2016-08-22
Petitioners whose children have been been denied access to school protest in Beijing’s Fengtai District, Aug. 20, 2016.
Photo courtesy of Ran Chongbi
As millions of Chinese schoolchildren and college students were back in class at the start of the new academic year on Monday, the children of some dissidents and critics of the ruling Chinese Communist Party continue to be denied access to education, activists told RFA.
Grassroots activist Ran Chongbi, who has previously been detained by Chinese police for her support of the 2014 pro-democracy movement in Hong Kong, said her school-age daughter has been barred from attending state-run schools for the past five years.
Ran, who once ran an unofficial school for the children of evictees and other long-term petitioners in Beijing’s Fengtai district, in a bid to address the problem, called on the authorities to allow her daughter and the children of around a dozen other families to go back to full-time study.
“I have had a number of calls from the government and from the school principals to inform me that there is nothing they can do about it,” Ran said, on the first day of China’s fall semester. “They just keep telling me that my kid isn’t allowed to attend school.”
“My child has committed no crime, and her schooling has nothing to do with my complaints about the government’s injustices,” she said. “My kid shouldn’t be tarred with the same brush, and inherit the status of ‘petitioner’.”
Ran tried home-schooling her own and other petitioners’ children last year in a rented apartment in a Beijing suburb, in a bid to solve the problem.
But the school was soon ordered to leave the premises, after pressure was put on the landlord of the apartment.
Ran, who once traveled to Hong Kong with the intention of self-immolating over the 2008 rape of her then five-year-old daughter, had planned to teach a different curriculum to that laid down by the education ministry.
“My child is the future of this country, and … the government has a duty to educate her,” she said. “President Xi Jinping and Premier Li Keqiang are always talking about not allowing the poorest peasant families to end up on the streets,” she said.
Pressure on petitioners
Fellow petitioner Hao Huanglin said all children should have the right to attend school, regardless of who their parents are.
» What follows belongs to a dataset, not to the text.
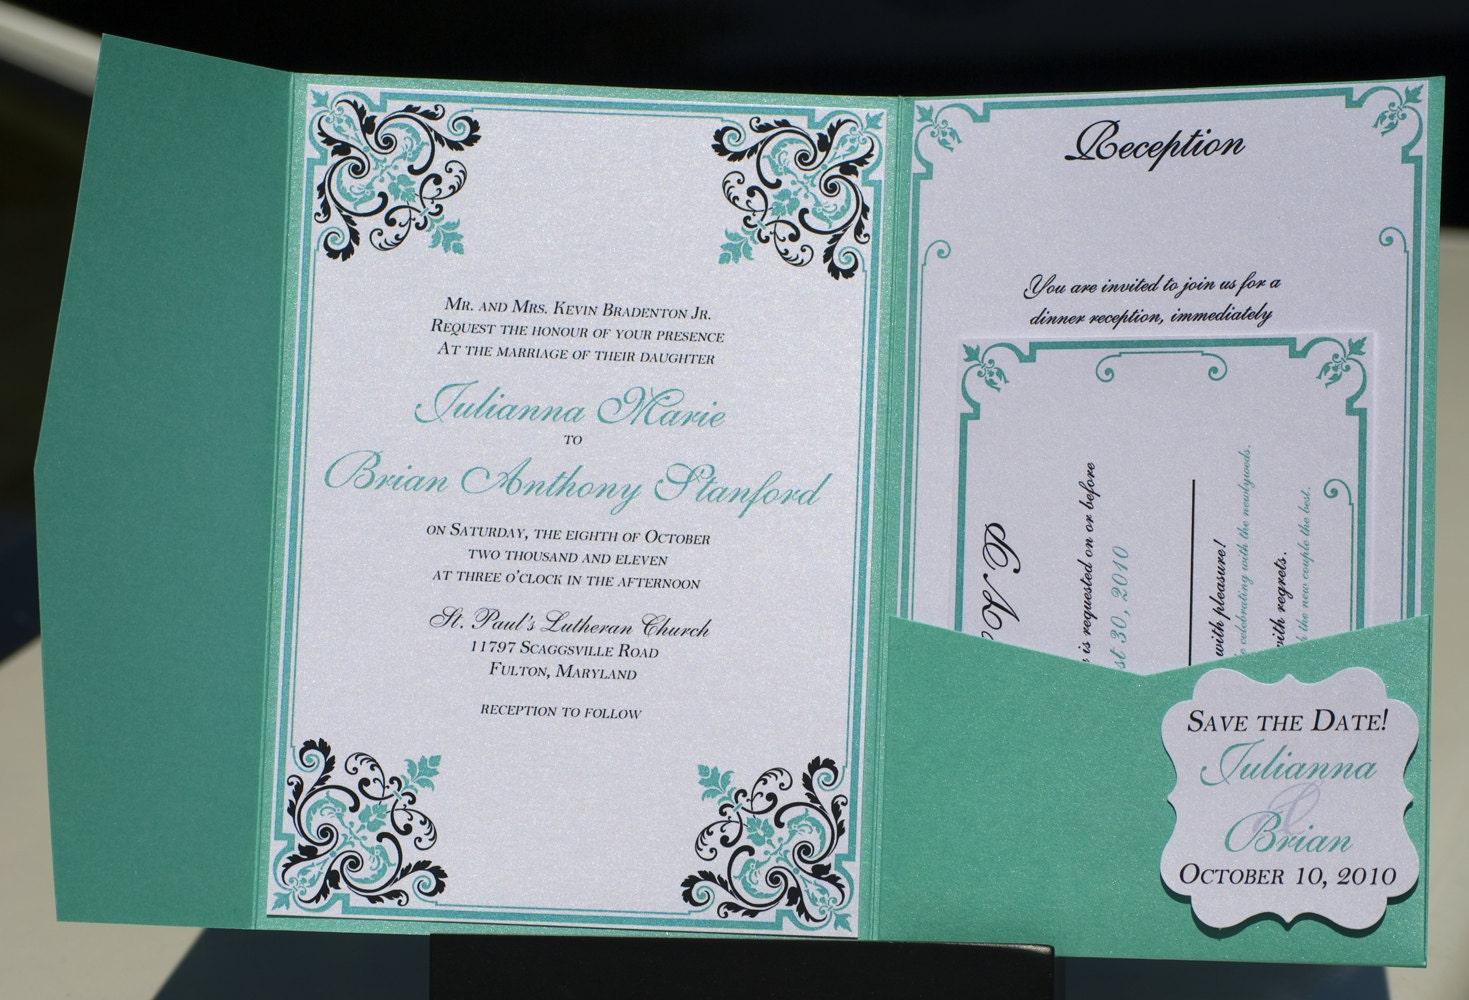 Wedding Invitations Turquoise: Turquoise Blue Wedding Invitation Pocketfold With By

“The authorities react [to petitioners] with persecution and detention,” Hao said. “Now they are saying we can’t send our kids to school.”
“It doesn’t matter which schools we apply to; they won’t enroll them.”
Hao said the government seems to be insisting that petitioners end their rights campaigning and return to their hometowns.
“They are trying to force us to leave [Beijing],” she said.
Authorities in the eastern province of Anhui last week released rights activist Zhang Lin from a three-year jail term on public order charges after he campaigned publicly for his daughters to be allowed to attend school.
Anni and her elder sister Ruli left China for California after their father’s arrest in August 2013, where they were taken in by Reggie Littlejohn, founder of the Women’s Rights Without Frontiers rights group, and granted political asylum.
Anni was dubbed “China’s youngest prisoner of conscience” after she was taken out of school by state security police and detained for several hours in February 2013, and prevented from attending school during her father’s house arrest.
After his daughters’ escape, Zhang and three fellow activists were jailed for “gathering a crowd to disrupt public order” for their role in the campaign for Zhang Anni’s place in school.
However, Zhang Lin’s whereabouts are still unknown following his release, indicating that he may still be under police surveillance, rights groups said.